Complete Dentures Flashcards
What are the Angles classifications of malocclusion?
Class I
Class II
Class II division 1
Class II division 2
Class III
What is the molar relationship in a normal class 1 relationship?
the mesiobuccal cusp of the maxillary first molar aligns with the buccal groove of the mandibular first molar
What is the canine relationship in a normal class 1 relationship?
the maxillary canine occludes with the distal half of the mandibular canine and the mesial half of the mandibular premolar
The mesial incline of the maxillary canine occludes with the distal incline of the mandibular canine
The distal inclinde of the maxillary canine occludes with the mesial incline of the mandibular premolar
What is a normal line of occlusion?
normal smooth curves
normal overbite
matching midlines on both arches
What is a class II occlusion?
this is when the distobuccal cusp of the maxillary first molar falls on the mesio-buccal grrove of the mandibular first molar
What does class II div 1 indicate?
that the upper incisors are proclined
What does class II div 2 indicate?
the upper lateral overlap the centrals and the centrals are retroclined
Describe the facial profile of an individual with a class II occlusion. What is the cause of this?
convex face shape
mandible that is too small or maxilla that is too large
What is an overjet?
it is the horizontal overlap of the maxillary central incisors over the mandibular central incisors.

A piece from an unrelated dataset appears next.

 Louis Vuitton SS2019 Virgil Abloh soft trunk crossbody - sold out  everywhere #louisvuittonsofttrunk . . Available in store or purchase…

how much of the upper front teeth protrude forward in relation to the lower front teeth
What is an overbite?
this is the vertical overlap of the maxillary central incisors over the mandibular central incisors
how much of the front teeth cover the lower front teeth in a vertical dimension
How can you measure overbite?
can be measured using a probe vertically
(how much of the lower teeth can you see)
What is considered to be a normal overbite?
2-3mm
How can you resolve an overjet that is too great to be fixed by manipulation of the tooth setting in dentures?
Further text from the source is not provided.